Figure 1, shows a network that contains only 1 equipment, Node1.

We setup the spare resource for Node1 with its current policy as a basis for sensitivity analysis.

Followings are the assumptions.

The restock lead-time of a spare is 60 days and the consumption rate follows exponential distribution with mean = 30 days.

When the inventory level falls to 2 units, a restock order is triggered. (The order quantity is not relevant in this example)

If spare is not available when a failure occurs, production will stop. Assuming that the corrective maintenance time is negligible if spare is available, estimate the production downtime due to spare unavailability.

Figure 1, The system reliability model contains only a single node

A Spare Resource is created (Project -> Manage Spare Resource -> Add Spare). The Initial Qty is set to 2. The default name of this resource is Spare1.

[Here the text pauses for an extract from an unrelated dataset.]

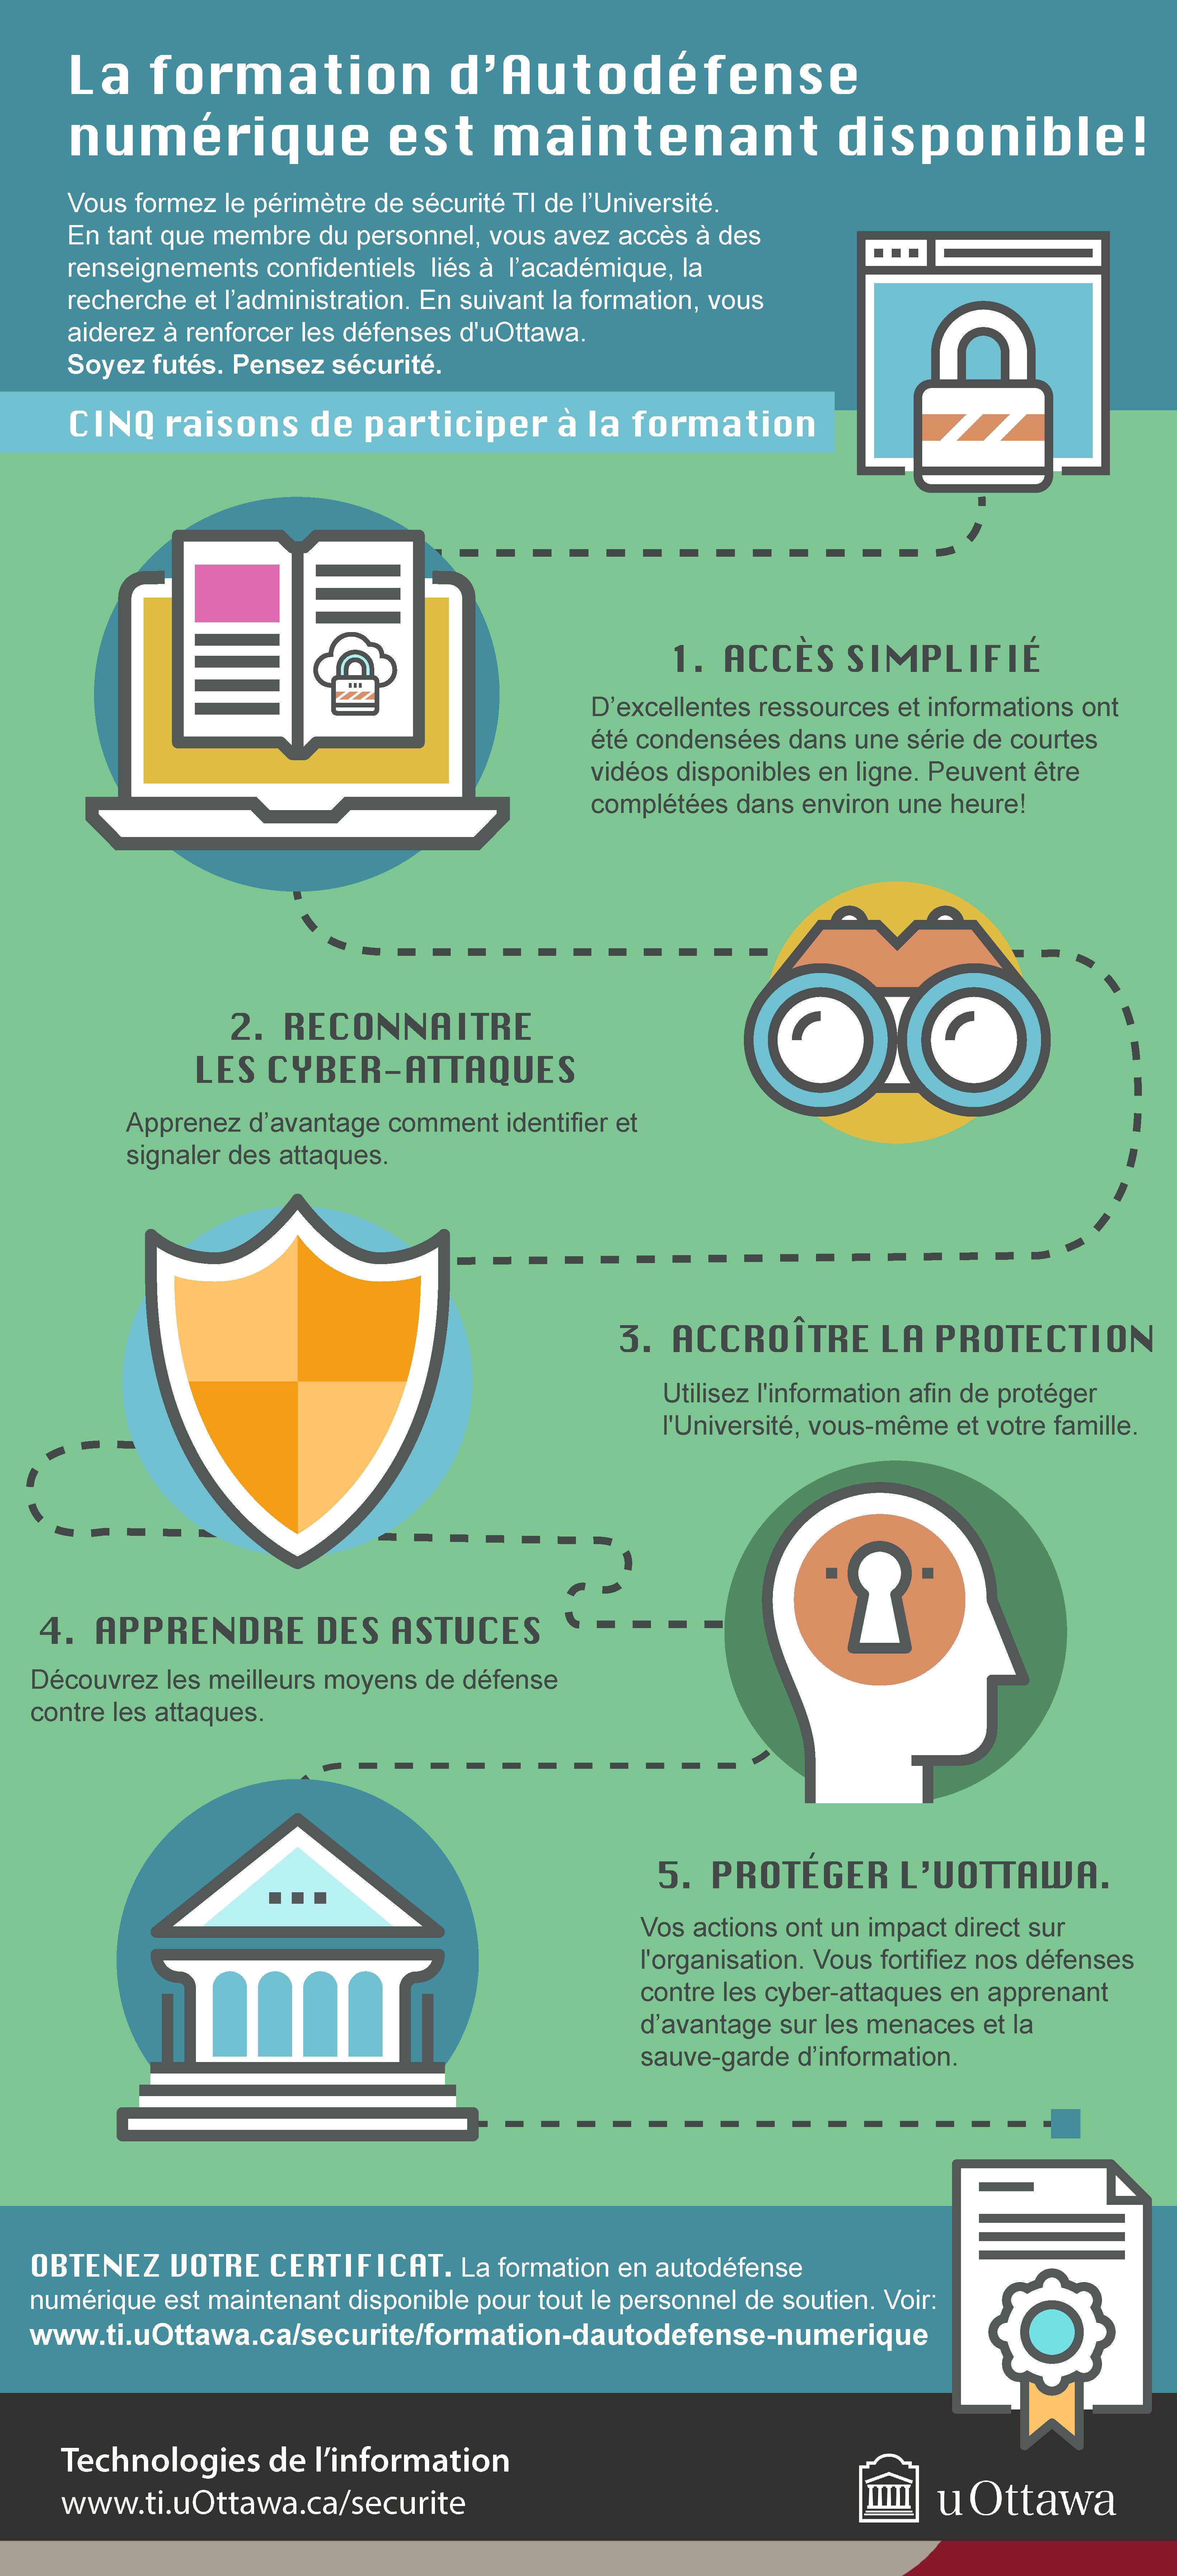 Cinq raisons de participer à la formation d'autodéfense numérique

Figure 2, The simulation will start with 2 spares

The schematic consists of only one Regular Node (Node1).

Reliability of Node1 is set to Exponential with MTBF = 30 days.

CM (Corrective Maintenance) to Fixed with TTE (Time-to-Event) = 0 hour.

Spare resource “Spare1” is assigned to CM Crew as shown below.

Figure 3, Assign the Spare Resource "Spare1" to Node1

We want to know for a 60 days duration (which is the restock lead time), with initial quantity N = 2, what is the average duration where Node1 is down due to unavailability of spare.

Run a 60-days simulation with 1000 executions.

Figure 4, Simulation settings

From Control Panel, click on Show Results button. Click on Spare tab in Simulation Results dialog.

Figure 5, Spare usage statistics

The average time that the node is down due to unavailability of spare is 149 hours (Under Unavailable Time column).

That is, if you trigger a re-order when there are 2 spares, you take the risk of 149 hours of downtime (on average).

The above simulation set the restock triggering level at 2. You can re-run the simulation with different levels and estimate the corresponding downtime.

The following table shows the downtimes for the corresponding restock trigger level.

Figure 6, The downtimes experienced by Node1 for various restock triggering level

This analysis allows manager to decide the order quantity (given the restock lead-time is 60 days) for associated risk in term of downtimes.